Keystone logo

What Healthcare And Fintech Have In Common

Fintech is booming, and it is making big changes to various industries, not least the healthcare sector. Here's a look at the developments.

Oct 26, 2018
  • Education
What Healthcare And Fintech Have In Common

Ever download an app on your phone to pay for something more easily? Use a fitbit? If you answered yes to either or both of these questions, then you have the beginning concepts of fintech down.

Fintech, the revolutionary field that's changing the business of banks, is shifting the healthcare landscape, too.

The combination of 'finance' and 'technology', fintech focuses on the business of using technology to offer financial services. In healthcare, it means using that same technology and expanding its reach.

As fintech disrupts the banking industry's standards for the flow of information, data storage, security, and transactions, it also makes its impact on other industries that depend on banking, namely healthcare.

How? Electronic billing. Online payments. Payment management. Patient data. Access to data. Movement of data between systems. Using big data to inform decision making. Personalized medical care.

Fintech is changing the healthcare landscape in ways we are only just beginning to understand. Let's take a closer look at what fintech brings to healthcare.

1. Fintech makes paying for healthcare easier

Thanks to new financial technologies, managing healthcare payments gets easier every day. There are blockchain companies building financial systems for the industry and others building partnerships with hospitals, insurance companies, and other service providers to offer easy, secure online payments.

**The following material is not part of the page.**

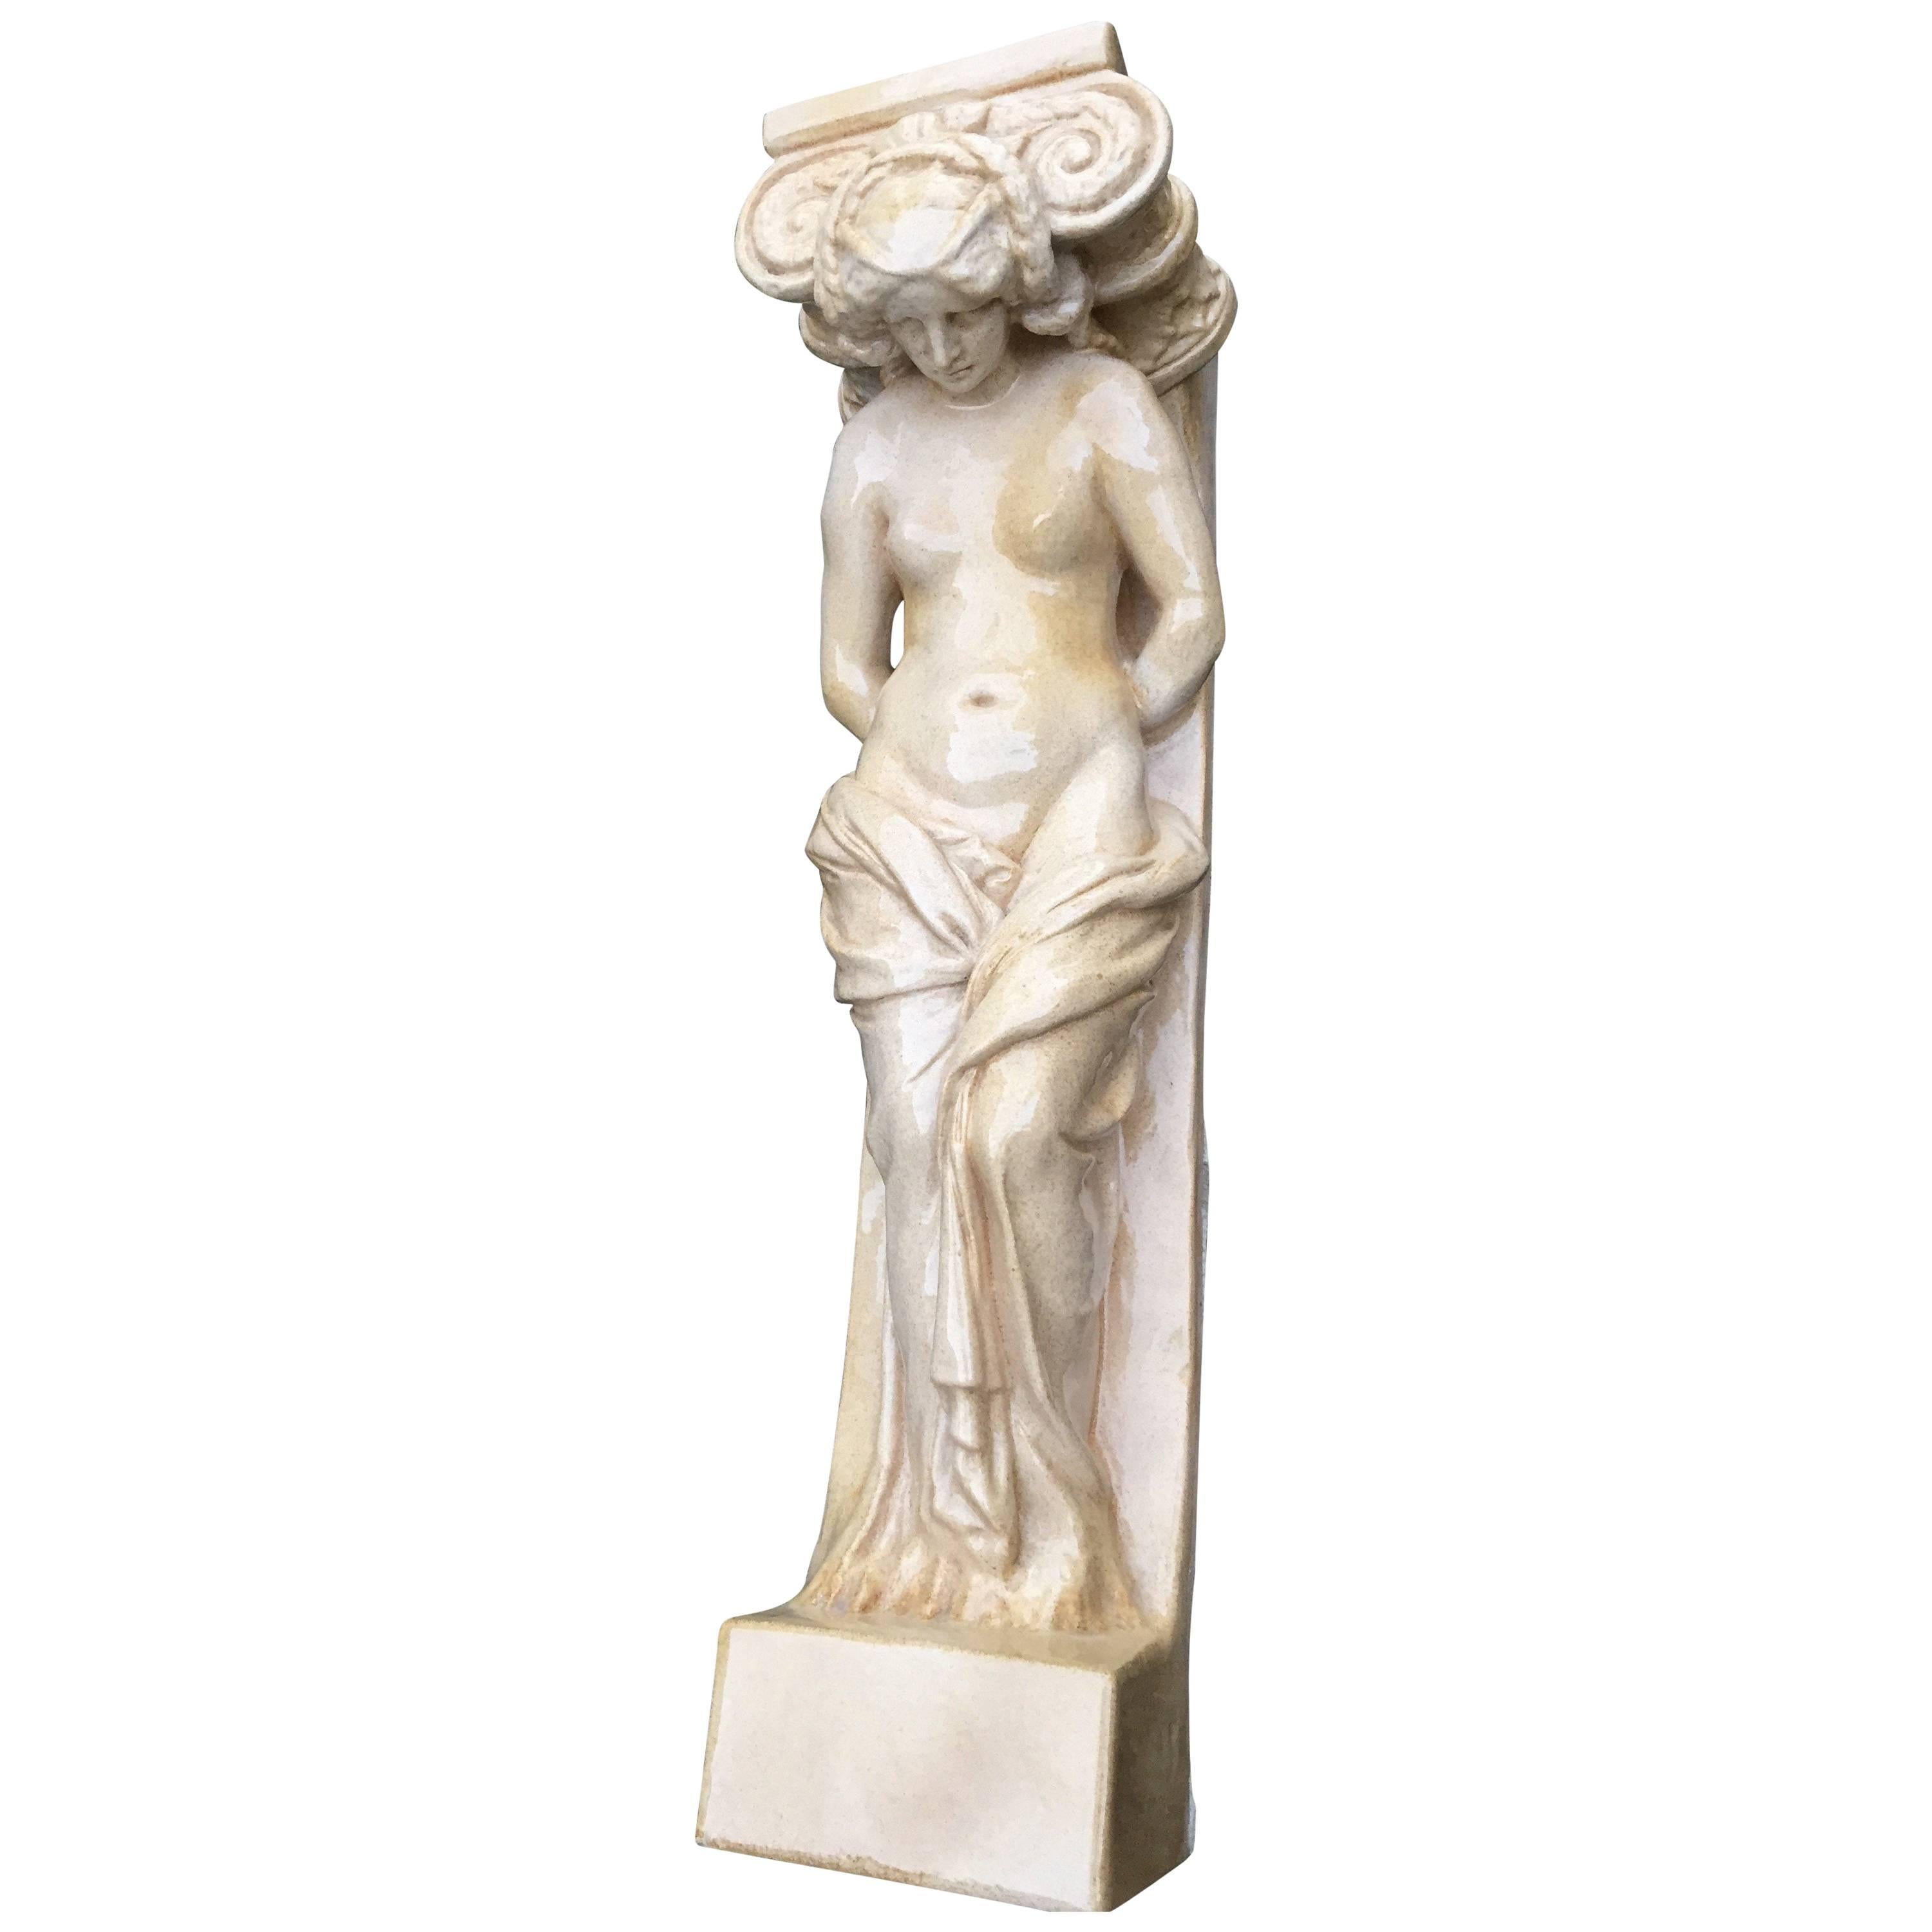 Caryatid in Bouffioux Sandstone Realized by Guerin, Inspired by Artus Quellin

Instead of using paper statements, more providers use fintech capabilities to make electronic bills more accessible, easier to manage, and easier to pay.

Fintech's reliance on mobile and desktop apps makes those transactions even easier.

2. It streamlines costs and services

With systems in place that allow for more frequent online transactions comes less expense to you and faster delivery of other services.

What does this mean? It means less administrative time and more focus on healthcare delivery.

Healthcare staff face outdated IT systems, endless paper filing, eternal phone calls and wait times, and inefficient systems. Fintech offers a path to streamline some of those back-office functions and gives healthcare workers more time to focus less on administrative management and organization and more on the bottom line: delivering high-quality patient care.

3. It changes the management of customer and patient data

Fintech's purpose? To disrupt the norm. To create a new way of doing things.

With fintech, healthcare systems can empower patients and customers by offering them 24/7 access to their data -- and some analysis, too.

Customer empowerment and control underpin fintech's role in healthcare.

From fintech's private banking and investment apps, to money transfer and paying with thumbprints, fintech products allow patients and customers to access information in models that work for them.

The convenience comes at a cost, though. That's where fintech blockchain solutions come in -- and a whole host of cybersecurity metrics.

4. It helps develop personalized programs

We live in an era of personalized, customized care. One size doesn't fit all.

As customers and patients get more comfortable accessing their data using fintech, healthcare centers can use that data to tailor programs to meet specific needs.

These personalized programs use various elements of artificial intelligence, augmented reality, and virtual reality.

That's right: robots are involved in the newest frontier of personalized healthcare technology.

You know this if you already use something like a Fitbit.

5. Here's what med students need to know about fintech

If you are already in med school, then you are seeing the first iteration of fintech's impact on healthcare.

Here's what you might not know, though: some fintech startups offer loans to med students and doctors interested in implementing elements of fintech in their research and practice.

Why? Fintech startups need as many healthcare professionals on board as possible. If that means helping you out with your loans while you use their products, then it's a win-win.